At the turn of the century a few thousand people owned cars; in 1922 about 10 million did, and that number more than doubled in the next few years. Sharing their need for decent roads were fast-growing fleets of trucks and buses. And the federal government was thinking big. Congress had just authorized funds to help states create a 200,000-mile web of smooth-surfaced roads that would connect with every county seat in the nation.
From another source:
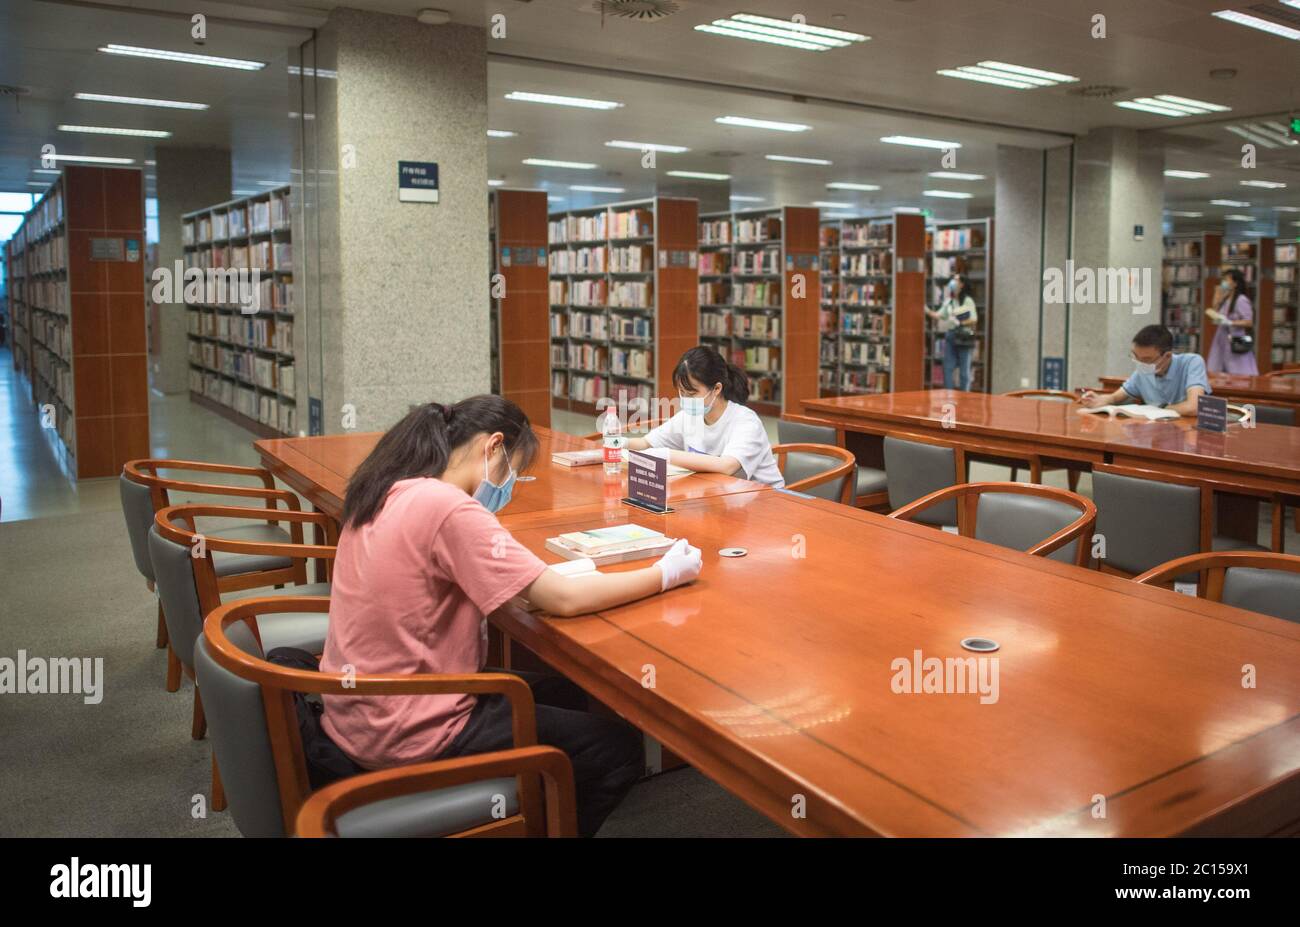 (200614) -- WUHAN, 14 giugno 2020 (Xinhua) -- persone che leggono a distanza l'una dall'altra presso la Biblioteca Provinciale Hubei di Wuhan, capitale della provincia di Hubei, in Cina centrale, 14 giugno 2020. La provincia cinese di Hubei, una volta duramente colpita dal COVID-19, domenica ha riaperto cinque importanti luoghi culturali pubblici nell'ultima mossa per tornare alla normalità dopo che l'epidemia si è ridotta. I luoghi di ritrovo includono il museo provinciale, la biblioteca provinciale, la sala commemorativa della rivoluzione Xinhai, il museo d'arte provinciale e il centro d'arte di massa, tutti situati nella capitale provinciale Wuhan. Tutte e cinque le strutture Foto Stock

It was just a beginning. Ahead lay engineering feats beyond anything Durant could have foreseen: the construction of conduits that can safely handle thousands of cars an hour and endure years of punishment by 18-wheel trucks, expressways and beltways to speed traffic in and around cities, swirling multilevel interchanges, arterial tunnels and mighty suspension bridges. Ahead, as well, lay a host of social and economic changes wrought by roads—among them, spreading suburbs, the birth of shopping malls and fast-food chains, widened horizons for vacationers, a revolution in manufacturing practices, and a general attuning of the rhythms of daily life, from errands to entertainment to the personal mobility offered by the car. Expansion of the network would also bring such indisputable negatives as traffic congestion and air pollution, but the knitting together of the country with highways has barely paused since the first automobiles rolled forth from workshops about a century ago.
Rails ruled the transportation scene then. Like other developed nations, the United States had an intricate system of railroad tracks reaching to almost every sizable community in the land. Virtually all long-distance travel was by train, and electric trolleys running on rails served as the main people movers in cities. The United States also had more than 2 million miles of roads, but practically all were unsurfaced or only lightly layered with broken stone. A "highway census" performed by the federal government in 1904 found a grand total of 141 miles of paved roads outside cities. In rainy weather, travel in the countryside became nightmarish, and even in good conditions, hauling loads over the rough roads was a laborious business; it was cheaper to ship fruit by rail from California to an urban market in the East than to deliver it by wagon from a farm 15 miles away. As for anyone contemplating a lengthy drive in one of the new horseless carriages, an ordeal was in store. The first crossing of the continent by car in 1903 required 44 days of hard driving. By train the trip took just 4 days.